On June 21, 2013, Sevan Marine announced that the Company has sold the semi-completed hulls #4 and #5 on an ‘as-is, where-is’ basis to Logitel Offshore. The total purchase price for the hulls was USD 41 million, to be rendered as a seller’s credit. Sevan has granted a loan of USD 10 million to be applied by Logitel Offshore towards its first milestone payment regarding hull #4 to the yard, which will complete the hulls as high-end accommodation units (‘FAUs’). The total USD 51 million credit is structured as a bullet loan, with a 3 per cent coupon, repayable within 24 to 36 months. The loan can be converted by Sevan into shares in Logitel Offshore. Upon this sale, Sevan is released from all accrued, contingent and future liabilities related to the hulls.
Topside and Process Technology (T&P)
This business segment consists of the activities of the KANFA group. KANFA is currently working on projects both in and outside of the Sevan Marine Group. Revenue for T&P in Q2 2013 was USD 10.7 million (USD 3.7 million) and EBITDA was positive with USD 0.7 million (negative USD 0.7 million).
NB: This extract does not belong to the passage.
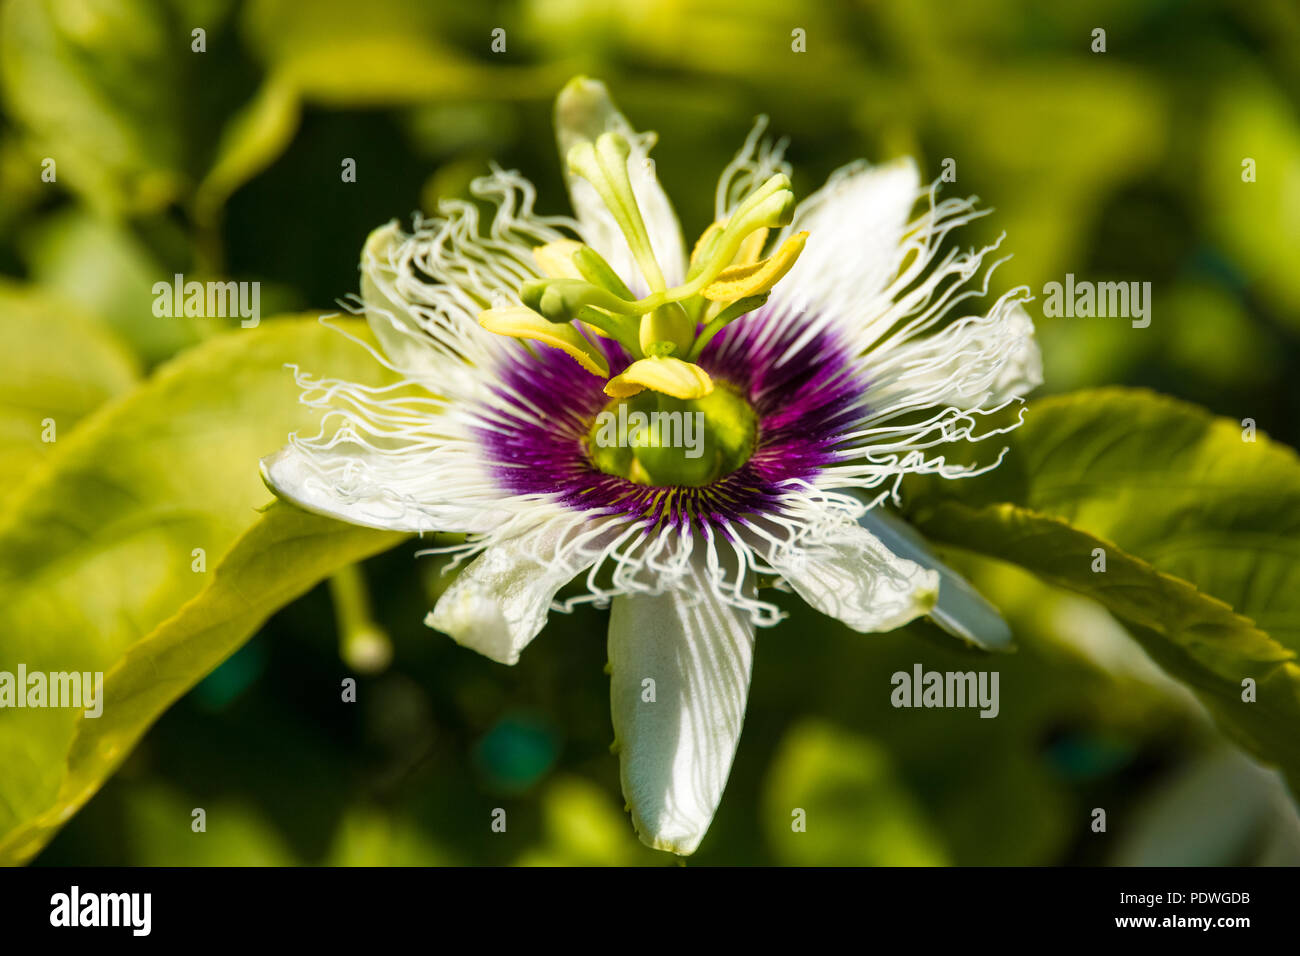 Nice close up shot of a beautiful white purple passion flower (Passiflora edulis) taken in Malaysia. It is cultivated commercially in tropical and... Stock Photo

The increased activity level is positive and is mainly caused by the increased number of packages that the T&P segment has been working on since Q4 2012.
On May 2, 2013, the final element of the Restructuring was completed when FPSO Voyageur Spirit was transferred by Sevan 300 Pte Ltd (subsidiary of Sevan Marine ASA) to Voyageur LLC (affiliate to Teekay Corporation).
Title to the unit and all of the shares in Sevan Production UK Limited were transferred by Sevan 300 Pte Ltd to Voyageur LLC. At the same time, Sevan and relevant subsidiaries were released from all obligation and liabilities under (i) the USD 230 million loan facility pertaining to the unit pursuant to finance documents with the bank syndicate led by ING Bank N.V as agent, and (ii) the bridge loan provided to Sevan by Voyageur LLC for completion of the upgrade of the unit.
FPSO Voyageur Spirit, together with related assets and liabilities, were de-consolidated from the Sevan Group in Q2 2013 and the accounting effects arising from this de-consolidation resulted in a financial income of USD 21.5 million.
Going Concern and Outlook
Sevan Marine continues to focus on its new business model as an engineering, technology and project development company. Sevan technology is being marketed for FPSOs and FSOs as the core area, as well as licenses for other applications of the technology. In addition, Sevan continues to develop its process and topside technology business segment through the KANFA Group. The many discoveries within oil and gas worldwide, more projects moving into a production phase, as well as expected high and increasing investment levels in the industry, call for a positive market outlook for the Company.
With the sale of Voyageur being realized, the Company is debt free as of Q2 2013. Upon having realized the sale of hulls #4 and #5, Sevan Marine has been released from all accrued, contingent and future liabilities related to those assets.
In essence, these two transactions completed Sevan’s transformation from an asset (‘build-own-operate’) company to an engineering, technology and project management company, allowing Sevan to focus on promoting its technology for future license projects.